L’égalité salariale des sexes est dans le droit et nul ne la conteste, mais il est utile au féminisme de faire accroire que la contrecarre une hostilité résolue. Pour la briser, il en appelle à la férule de l’État : « Des mesures doivent être prises rapidement, écrivaient ainsi les 343 pétitionnaires du « manifeste » du 2 avril 2011, pour garantir l’égalité dans l’emploi, en faisant reculer la précarité du travail des femmes et en imposant l’égalité salariale. » Quelles mesures ? On devine qu’il faudra-faire-en-sorte-que. Et l’on note que la précarité du travail n’appelle pas en soi de « mesures », si elle ne touche spécialement les femmes – comme si aucune ne souffrait aussi de la dévalorisation des tâches, de la déflation salariale, de la fragilisation contractuelle qui affectent leurs parents ou compagnons.

« Nous touchons, poursuivaient les « 343 » de 2011, des salaires ou des retraites largement inférieurs à ceux des hommes. » L’affirmation ne s’étaie de rien, mais un manifeste n’est pas le lieu de détailler.
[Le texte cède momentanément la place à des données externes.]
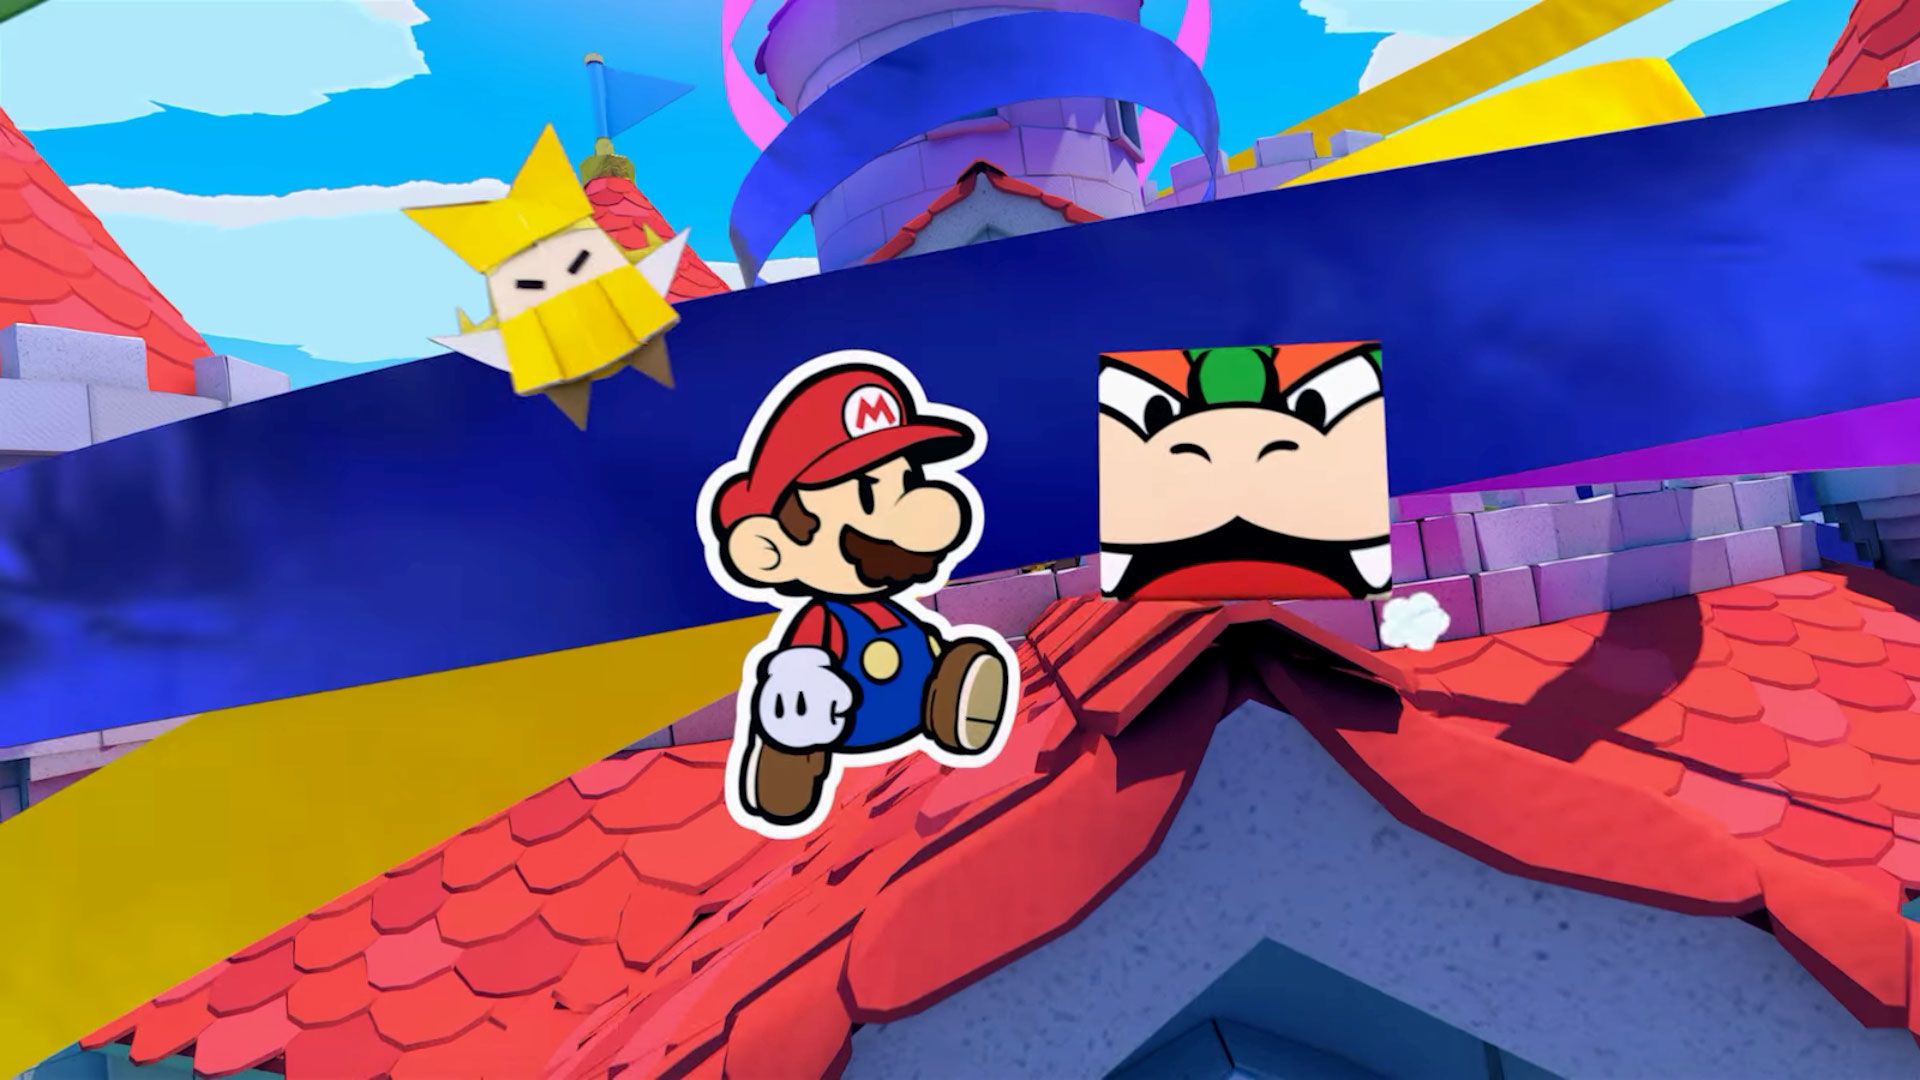 Paper Mario' is coming to the Nintendo Switch in July

Voyons alors l’implicite, largement développé par d’innombrables publications militantes (OLF et autres groupes ultra) ou institutionnelles (directions ministérielles, Université, organismes ad hoc…), les unes et les autres ne différant que par le ton qui sied à leur position de discours.
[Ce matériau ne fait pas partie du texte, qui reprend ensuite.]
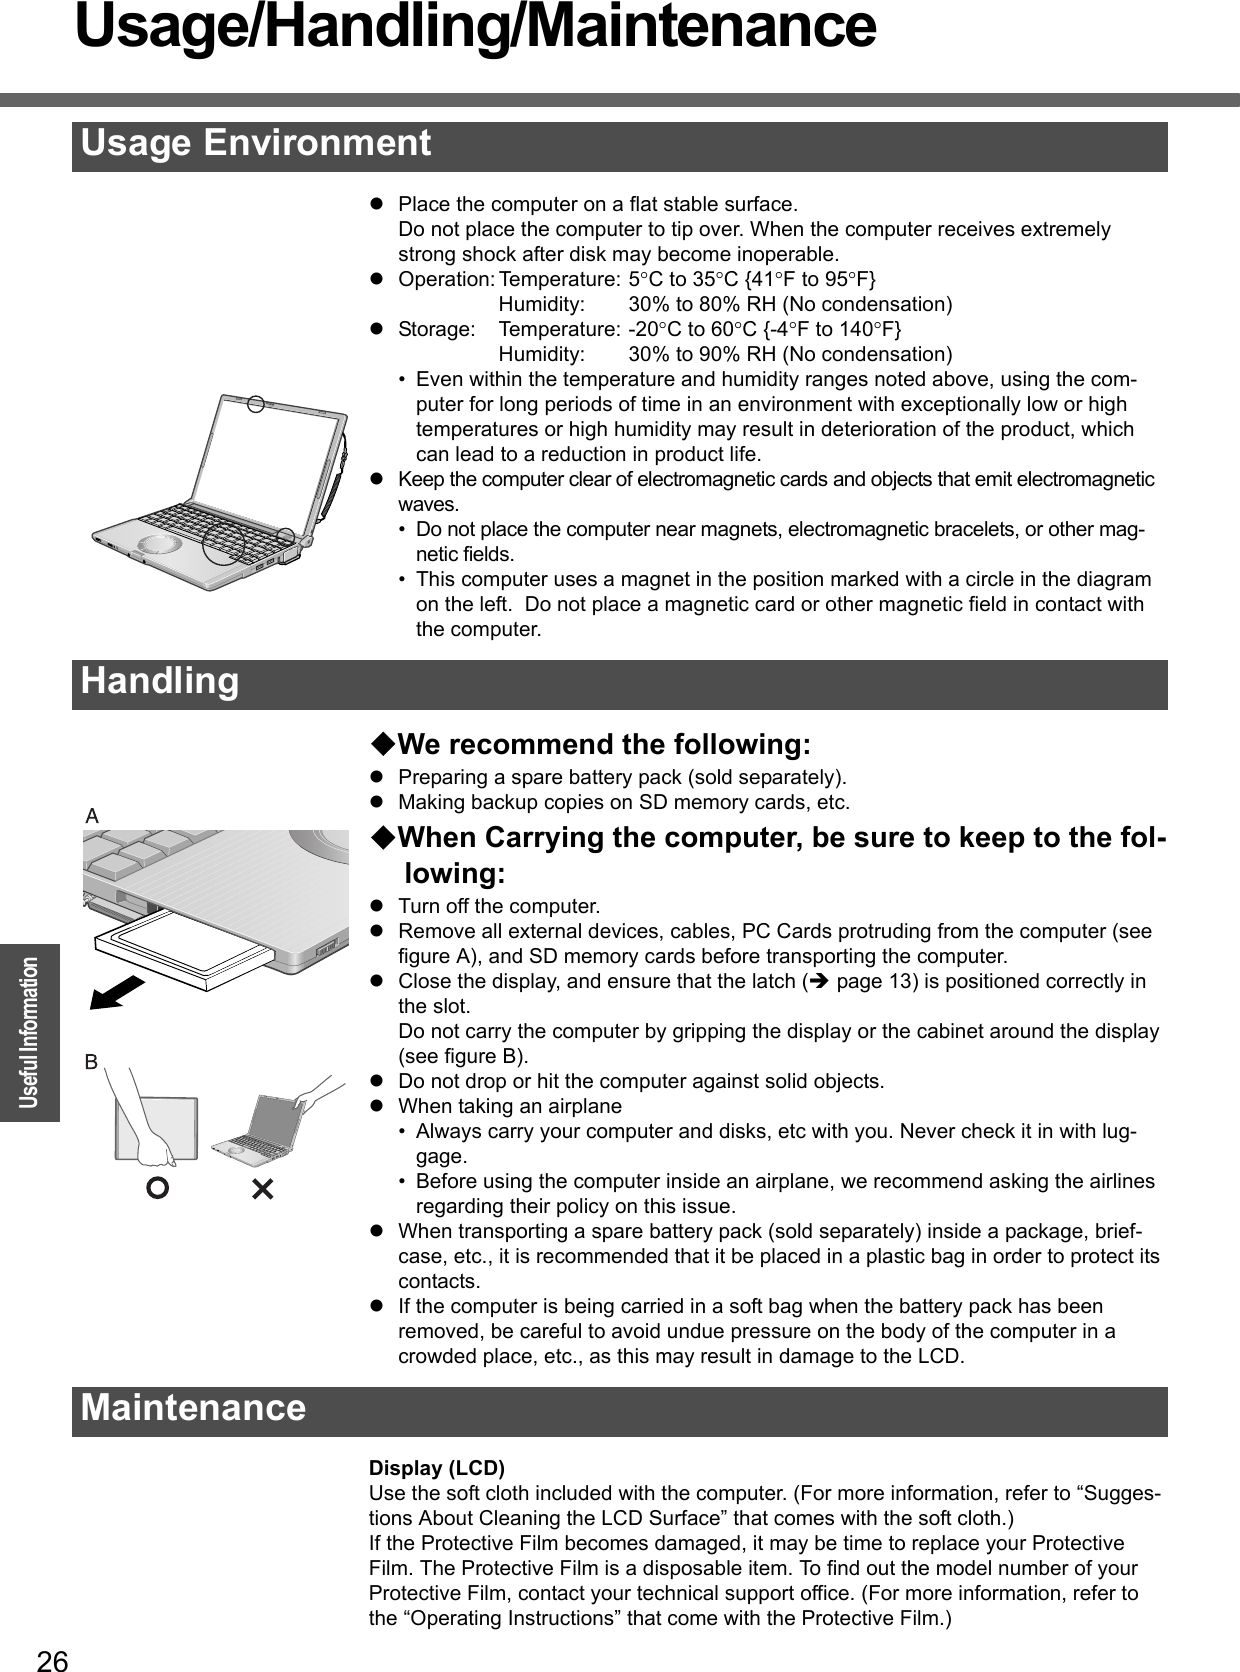 26OperationUseful InformationUsage/Handling/MaintenancezPlace the computer on a flat stable surface.Do not place the computer to tip over. When the computer receives extremely strong shock after disk may become inoperable.zOperation: Temperature: 5°C to 35°C {41°F to 95°F}Humidity: 30% to 80% RH (No condensation)zStorage: Temperature: -20°C to 60°C {-4°F to 140°F}Humidity: 30% to 90% RH (No condensation)• Even within the temperature and humidity ranges noted above, using the com-puter for long periods of time in an environment with exceptionally low or high temperatures or high humidity may result in deterioration of the product, which can lead to a reduction in product life.zKeep the computer clear of electromagnetic cards and objects that emit electromagnetic waves.• Do not place the computer near magnets, electromagnetic bracelets, or other mag-netic fields.• This computer uses a magnet in the position marked with a circle in the diagram on the left.  Do not place a magnetic card or other magnetic field in contact with the computer.We recommend the following:zPreparing a spare battery pack (sold separately).zMaking backup copies on SD memory cards, etc. When Carrying the computer, be sure to keep to the fol-lowing:zTurn off the computer.zRemove all external devices, cables, PC Cards protruding from the computer (see figure A), and SD memory cards before transporting the computer.zClose the display, and ensure that the latch (Îpage 13) is positioned correctly in the slot.Do not carry the computer by gripping the display or the cabinet around the display (see figure B).zDo not drop or hit the computer against solid objects.zWhen taking an airplane• Always carry your computer and disks, etc with you. Never check it in with lug-gage.• Before using the computer inside an airplane, we recommend asking the airlines regarding their policy on this issue.zWhen transporting a spare battery pack (sold separately) inside a package, brief-case, etc., it is recommended that it be placed in a plastic bag in order to protect its contacts.zIf the computer is being carried in a soft bag when the battery pack has been removed, be careful to avoid undue pressure on the body of the computer in a crowded place, etc., as this may result in damage to the LCD.Display (LCD)Use the soft cloth included with the computer. (For more information, refer to “Sugges-tions About Cleaning the LCD Surface” that comes with the soft cloth.)If the Protective Film becomes damaged, it may be time to replace your Protective Film. The Protective Film is a disposable item. To find out the model number of your Protective Film, contact your technical support office. (For more information, refer to the “Operating Instructions” that come with the Protective Film.)Usage EnvironmentHandlingMaintenance

Cet implicite, donc, consiste pour l’essentiel à agiter des chiffres puisés à la grosse louche des « femmes-en-moyenne » ou des « femmes-cadres-en-moyenne », de les opposer à autant d’hommes moyens[1], et d’exhiber ces marionnettes en toute négligence des effets de structure (temps de travail, durée des carrières, secteur, taille de l’entreprise, ancienneté, qualification, nonobstant ceux que néglige l’appareil descriptif mobilisé, en particulier pour ce qui concerne les qualifications, cf. infra.) par quoi s’expliquent les écarts de salaires en moyenne – et dont les combinaisons opèrent à tous niveaux de finesse du marché du travail.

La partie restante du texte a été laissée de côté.